À quelques kilomètres au delà de Krefeld, un petit incident de route que je note, parce qu’il est caractéristique des mœurs allemandes, m’a laissé, dans l’esprit, en même temps qu’une légère impression de remords, une impression aussi de douceur très douce et très jolie.
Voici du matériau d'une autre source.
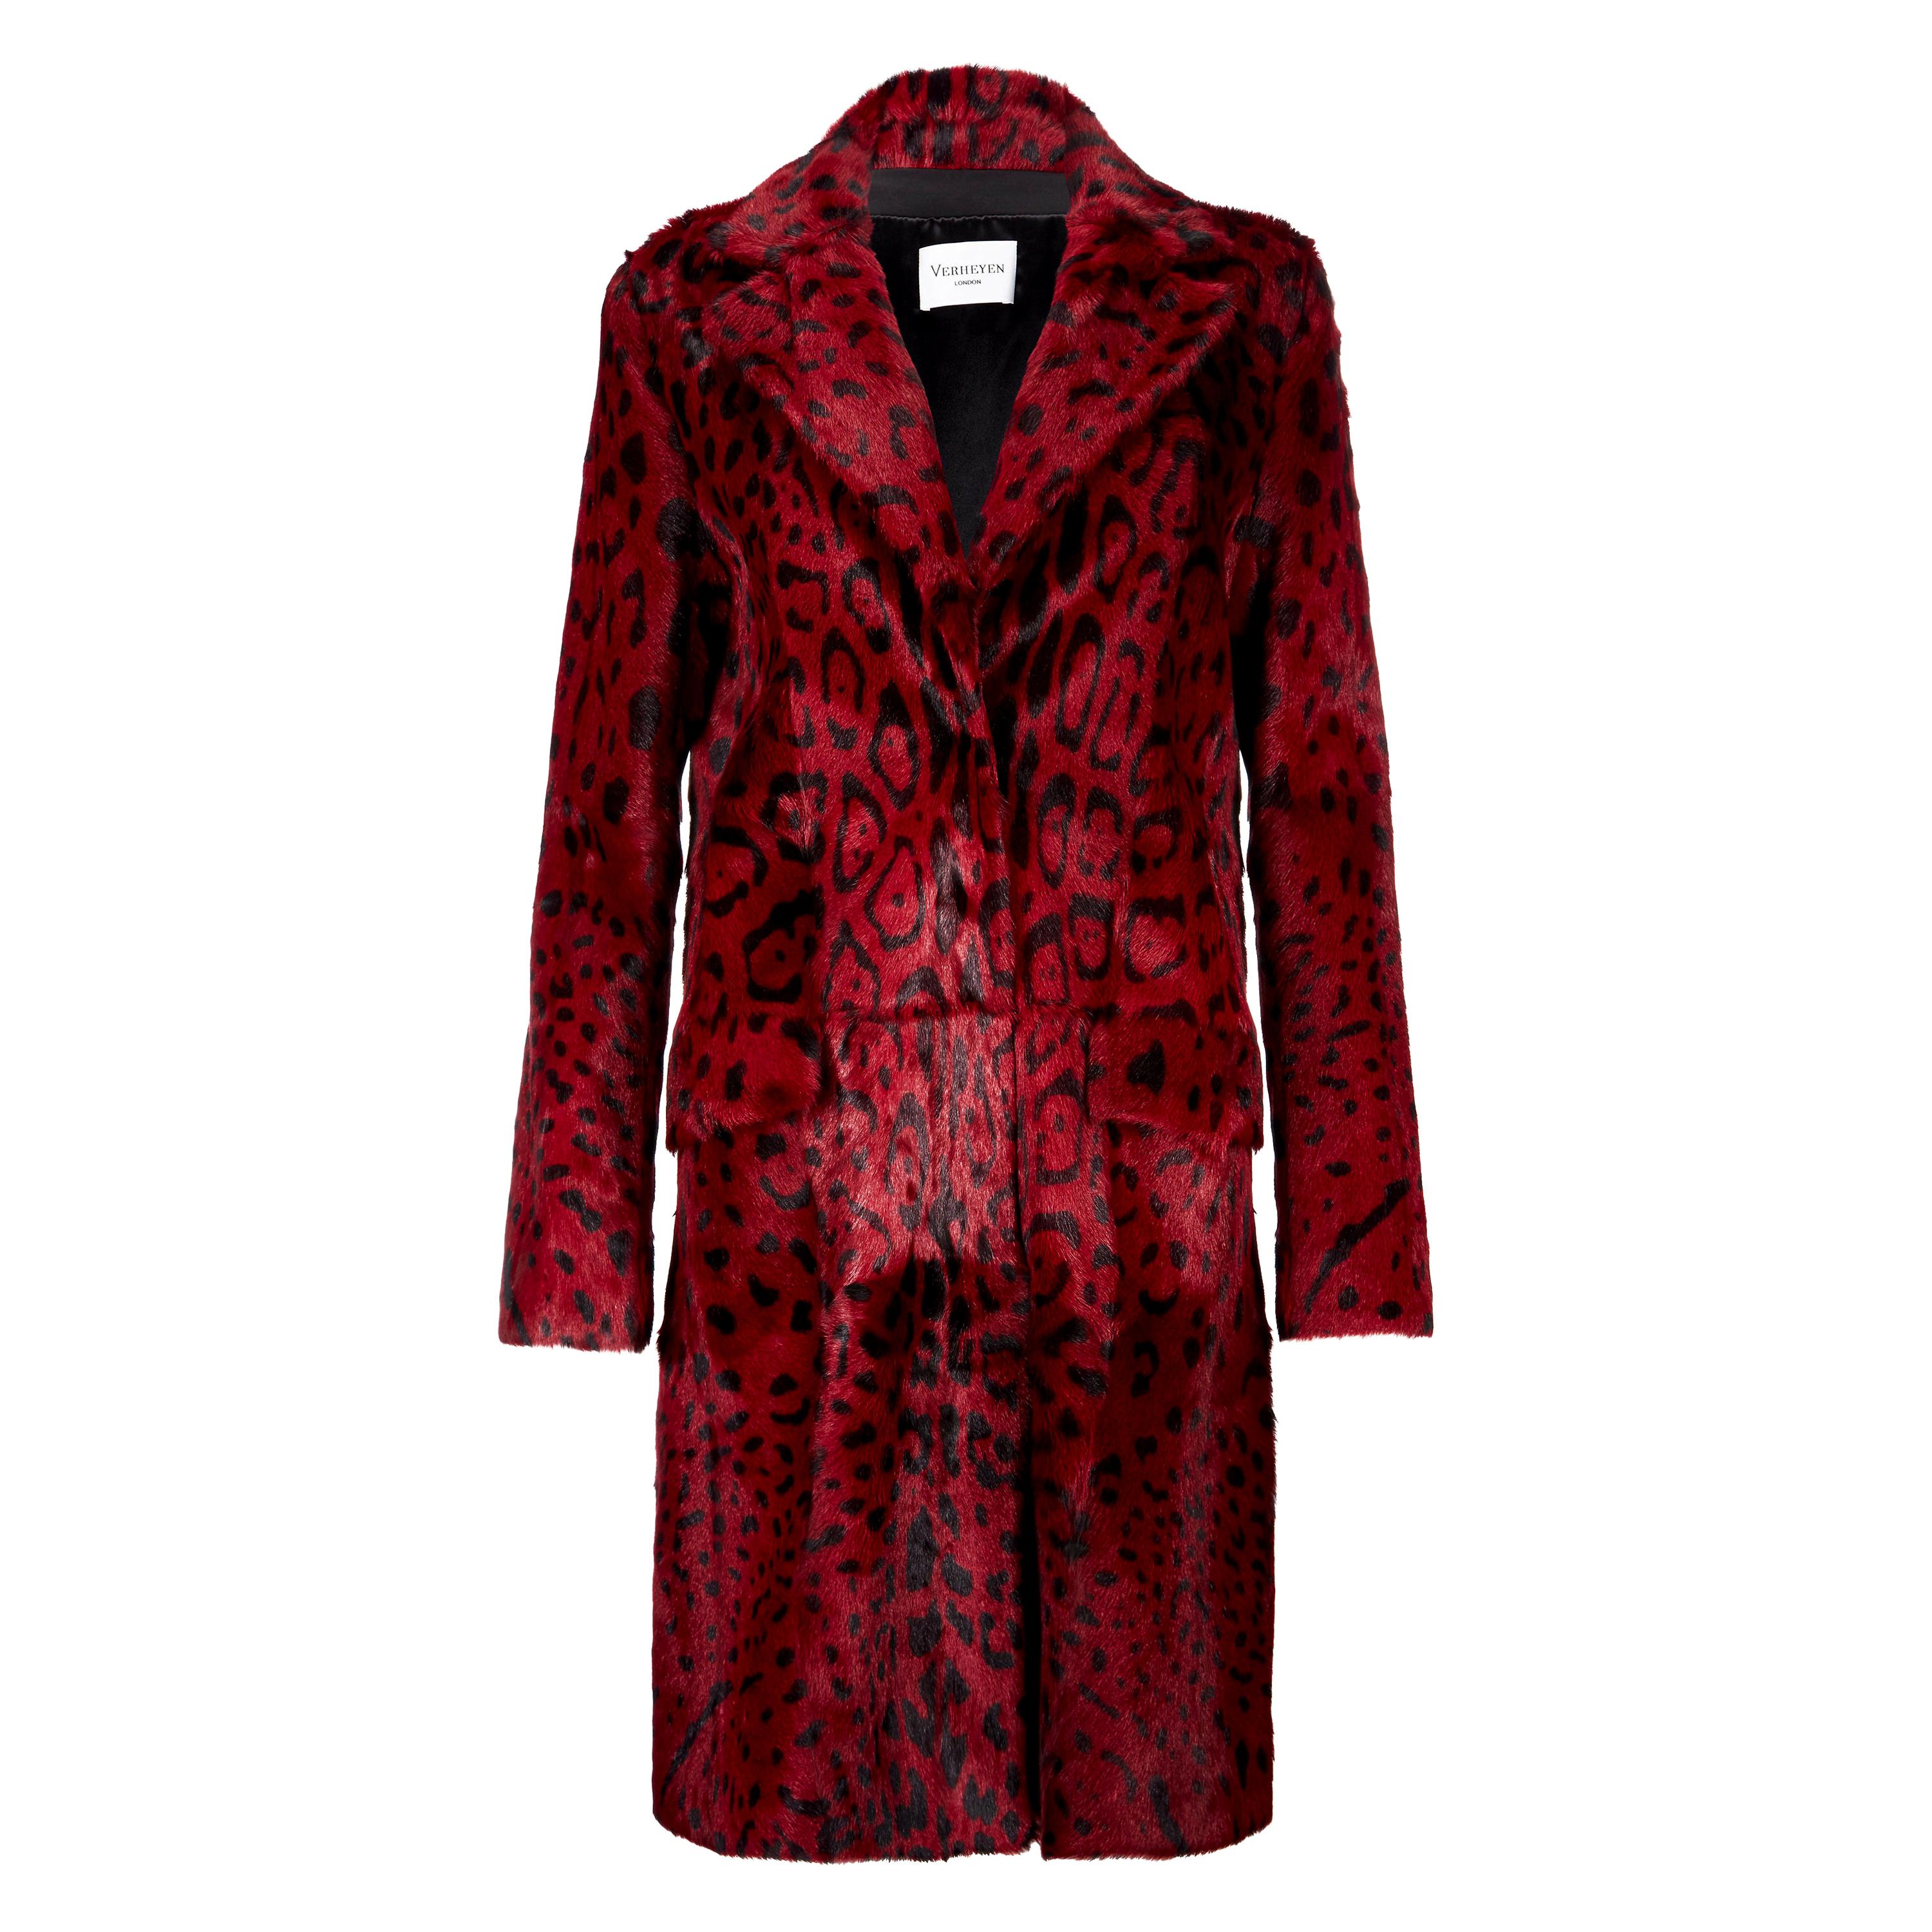 Verheyen London - Manteau imprimé léopard en fourrure de chèvre rouge rubis GB 10 - Neuf 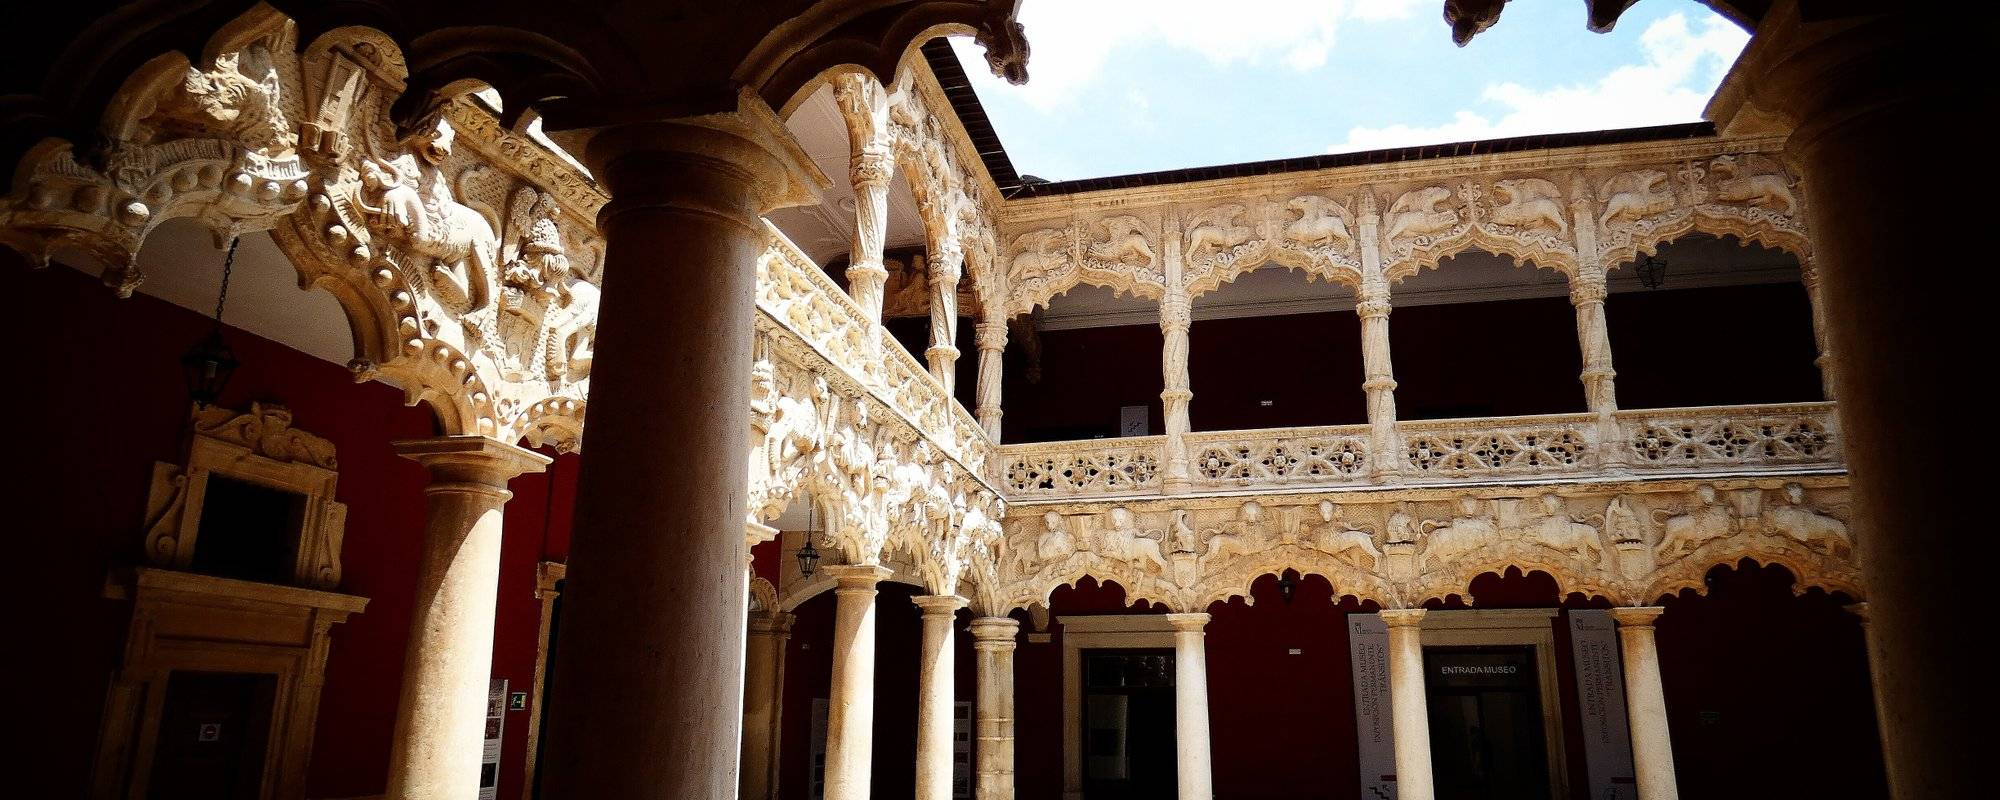 Guadalajara, Spain: daydreams with the Palacio del Infantado

Devant nous, un petit cheval trottinait, traînant une petite charrette vernie que conduisait une jeune paysanne. Le cheval prit peur – les chevaux sont partout les mêmes – et, les oreilles dressées, se mit brusquement au galop. J’arrêtai la machine, mais l’animal effrayé ne se calma point. Il gagnait à la main, comme disent les cochers. Au risque de se tuer, la jeune fille sauta maladroitement de la voiture, et roula sur la route… Je me précipitai à son secours, aidai à la relever… Elle était blonde, très fraîche, presque luxueusement habillée…

Dès qu’elle fut debout, elle s’efforça de sourire… s’excusa :

— C’est ce vilain petit cheval… Mon Dieu, qu’il est bête !… Il a peur de tout… Excusez bien.